Swanswell - a national charity which wants to achieve a society free from problem alcohol and drug use - has been recognised by the Howard League for Penal Reform for the pilot it ran in Birmingham.

It involved 360 people with drug misuse problems, including prolific offenders (those who commit the most significant level of crime), who had been referred in to treatment through the Criminal Justice system.

The structured one-to-one sessions covered a range of topics such as triggers of offending, how to avoid a risky situation, drug education and harm reduction – with the aim to reduce drug use and related offending behaviour.

The pilot has seen some impressive results. The amount of money participants spent on illegal drugs fell by 71% compared to before they had treatment.

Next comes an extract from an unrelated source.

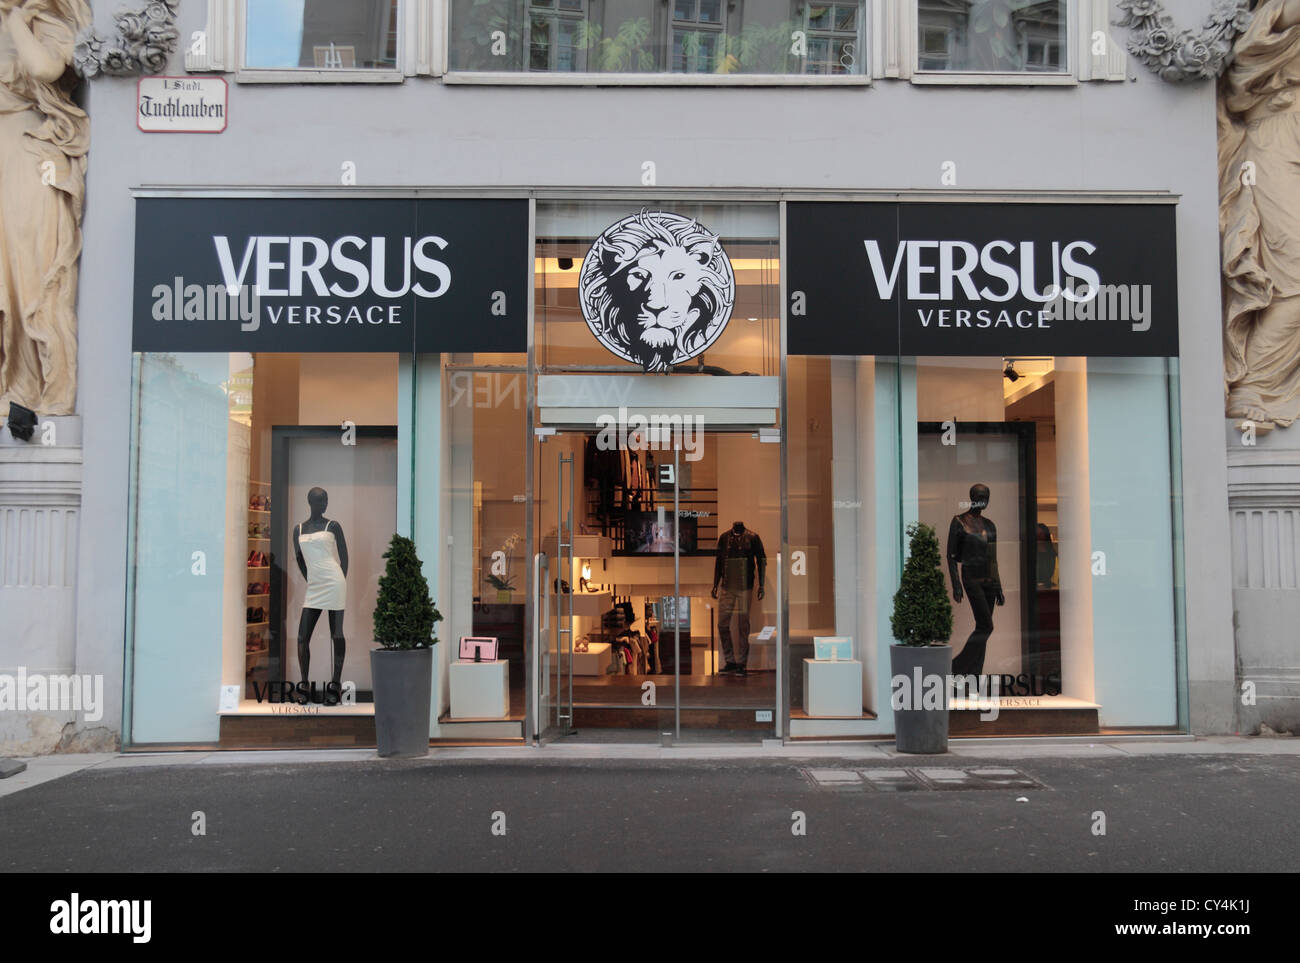 The Versus Versace shop in Vienna, Austria Stock Photo - Alamy

In addition, just over 15% of people completed the treatment drug free.

With estimated annual costs of drug-related crime in England and Wales totalling £15.4 billion (Gordon, L., et al. 2006) (1), Swanswell’s programme has the potential to reduce those costs by up to £2.4 billion (2), if these figures were mirrored nationally.

Debbie Bannigan, Swanswell’s Chief Executive, said: ‘It’s fantastic news that our reducing drug-related offending project has been shortlisted for a national award that recognises efforts to tackle substance misuse in the community.

We think our programme has the potential to save billions of pounds for the nation and most importantly, could help improve the lives of thousands of people who may not otherwise have received the necessary support to change and be happy.’

Swanswell’s shortlisted in the Adult category of the Community Programme Awards 2011 with the winners announced at the Howard League for Penal Reform’s national one-day conference, ‘Community Sentences Cut Crime’, on Wednesday 6 July 2011.

References

  1. Gordon, L., Tinsley, L., Godfrey, C. And Parrott, S. 2006. The economic and social costs of Class A drug use in England and Wales 2003/04. In Singleton, N., Murray, R. And Tinsley, L (eds), Measuring different aspects of problem drug use: methodological developments. Home Office Online Report 16/06
  2. A simple estimate of cost savings is based on Swanswell’s pilot result of 15.3% of people completing the programme, case closed, drug free. It is assumed here that all of the 15.3% will not commit drug-related crime again. 15.3% of £15.4 billion = £2.4 billion.